В доме был заведён порядок большой свободы и независимости всех жильцов. Супруга хозяина Ангелина располагалась тоже на втором этаже, но только в крыле правом, и комнат у неё было пять, и обставлены они антикварной дворцовой мебелью, обвешаны дорогими картинами и коврами. Дед Драган высылал сыну ежегодную стипендию: миллион долларов. Большая часть этих денег уходила на содержание дворца и прислуги, но и добавка к профессорской зарплате Саввы оставалась солидная. Сам хозяин жил посредине второго этажа и обстановку имел скромную, деловую. Разве что его кабинет был обставлен мебелью из чёрного дерева и, как говорили его приятели, она была вывезена из замка какого–то английского короля.
Весь нижний этаж занимали большая гостиная, кухня, столовая, жильё для прислуги и прочие служебные помещения.
До обеда Драгану никто не тревожил и она могла заниматься своими делами. А в обед, спустившись в гостиную, встретилась с Ангелиной — шумной, экстравагантной женщиной, которая ещё недавно была драматической артисткой, а теперь с большим удовольствием и рвением исполняла роль второго режиссёра в городском театре.
Стол был накрыт, но в гостиной не было хозяина и не видно слуг. Ангелина подхватила Драгану под руку и повела в библиотеку, где у неё был салон для встреч с близкими друзьями и где, как она сказала по дороге, гостью из Америки ожидают «интересные люди».
Людей этих Драгана знала: это были Вульф Костенецкий; его друг — круглый, румяный толстячок с мокрыми губами Соломон Гусь и их подружка, шумный скандальный политик, лидер какой–то новодемократической партии Халдорина Старо — Дворецкая. Это была нескладная худая женщина двухметрового роста, — и, очевидно, поэтому в патриотической прессе её презрительно и почти ругательно называли Халдой.

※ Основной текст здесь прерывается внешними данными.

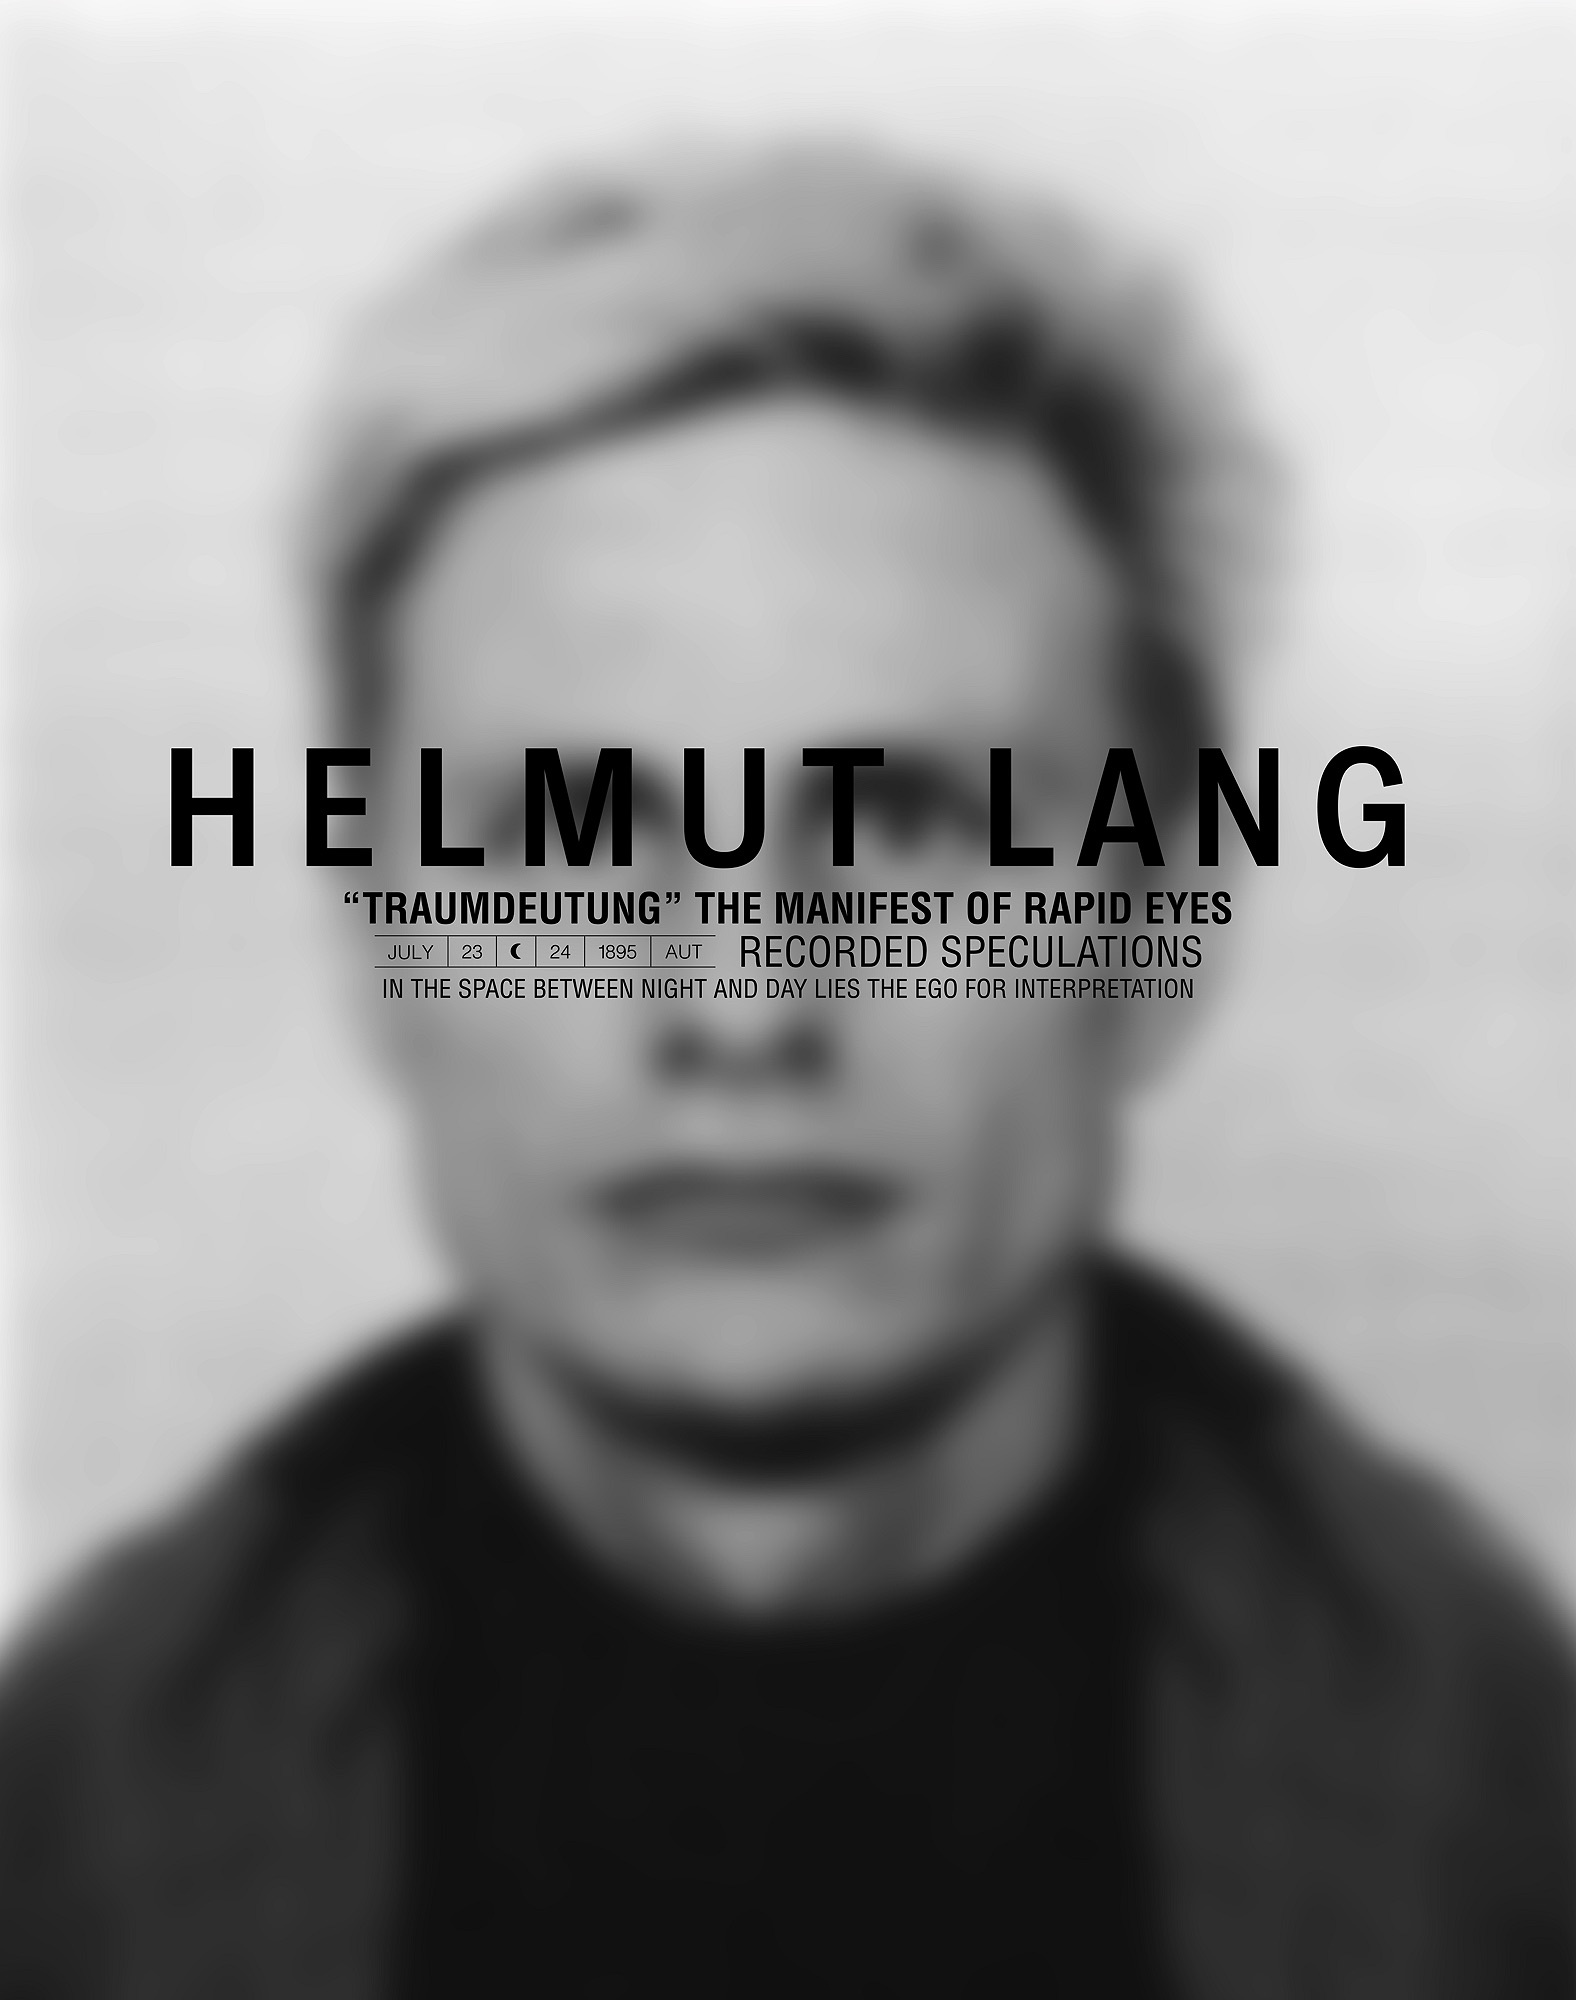 ヘルムートラング Helmut Lang の歴史 デザイナーとしてのキャリアと故郷オーストリア Gxomens Blog 大人のいい男を目指すメンズファッションマガジン

Халда протянула Драгане костлявые ручки, ослепительно засияла коричневыми с красным отливом глазами, пропела:
— Давно вас ожидала, но вот он…
Она кивнула на Костенецкого:
— Прячет вас от всех, не хотел нас знакомить, — это такой жук… И он вот…
Показала на Соломона:
— Он — Гусь. Да, такая у него фамилия. Хорош Гусь! Не правда ли? Он тоже не хотел меня с вами знакомить. Они, мужики, все гады. Боятся, как бы мы, женщины, не отобрали у них власть. Но мы должны быть вместе. У нас общие интересы, можно даже сказать, судьба. А хотите — я сообщу вам новость: вы теперь его сотрудник. Да, он, Гусь — ваш начальник.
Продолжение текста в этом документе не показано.